The call from analyst Benjamin Swinburne highlights growing optimism around Spotify’s pricing strategy, artificial intelligence initiatives, and content expansion, which could fuel further gains after a strong year for the stock.
Analyst sees pricing power and AI as key drivers
In a research note released Monday evening, Swinburne said Spotify is entering a new pricing cycle following enhancements to its free and Premium tiers.
He believes these moves will help accelerate both revenue and subscriber growth into next year.
“Having added significant value to its free and Premium tiers, Spotify in our view kicked off a new pricing cycle this Fall and is poised to accelerate growth into next year,” Swinburne wrote.
The analyst maintained an Overweight rating and a $800 price target, implying an 18% upside from Monday’s closing price of $675.53.
Swinburne pointed to potential future price increases, AI integration, and fresh content offerings as near-term growth catalysts for the company.
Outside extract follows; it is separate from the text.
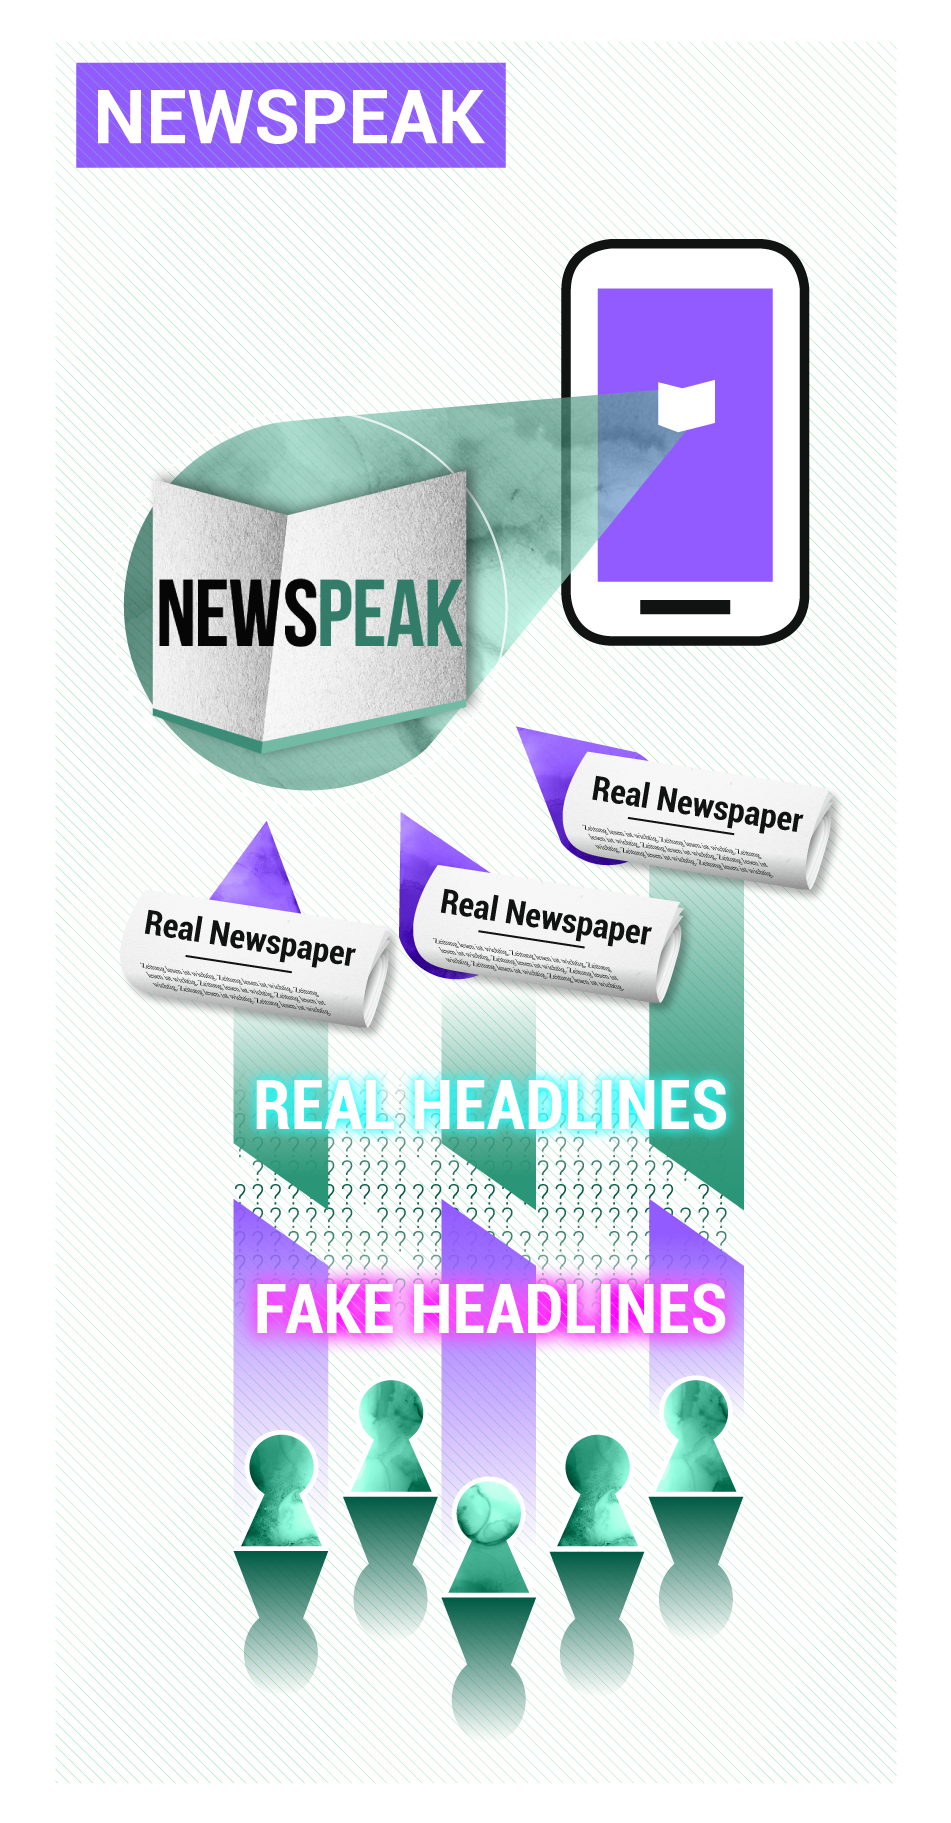 newspeak introbild

He also noted that Spotify’s efforts to leverage artificial intelligence could help the platform personalize user experiences, improve discovery tools, and enhance engagement — all of which support premium conversion rates and advertising growth.
Strong performance despite mixed earnings
Swinburne’s endorsement comes after Spotify’s stock has already had an impressive run in 2025, rising 53% year-to-date and 77% over the past 12 months, far outpacing the broader S&P 500.
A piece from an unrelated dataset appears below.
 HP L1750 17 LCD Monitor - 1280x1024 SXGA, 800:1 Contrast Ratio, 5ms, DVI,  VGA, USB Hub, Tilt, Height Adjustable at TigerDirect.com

This strong momentum has come even as the company reported a surprise second-quarter loss in July, which temporarily dampened investor sentiment.
Despite that setback, analysts and investors have continued to bet that Spotify’s subscriber base and revenue will keep expanding.
Swinburne’s note reflects this optimism, arguing that Spotify’s strategic adjustments — including pricing changes and the integration of new AI-driven features — position it for sustained growth.
He also highlighted the company’s potential to convert free-tier users to paying customers as Spotify “continues to add new features and functionality to its Premium tier.”
Global price increases and market outlook
Spotify announced a series of price increases in August for Premium subscribers across multiple regions, including South Asia, the Middle East, Africa, Europe, Latin America, and the Asia-Pacific.
Analysts view these hikes as a sign that the company is confident in the value it provides and its ability to retain users despite higher prices.
The adjustments could translate into stronger revenue growth in coming quarters, particularly as Spotify pairs pricing power with enhanced features and broader AI integration.
In Tuesday afternoon trading, Spotify shares rose 2.1% to $689.82, reflecting investor enthusiasm following the Morgan Stanley note.
While competition in the streaming space remains intense, Swinburne’s call underscores Wall Street’s renewed confidence in Spotify’s ability to capitalize on innovation, pricing, and engagement to drive its next phase of growth.
With a growing global user base and strategic focus on technology and personalization, Spotify appears well-positioned to sustain its momentum heading into 2026.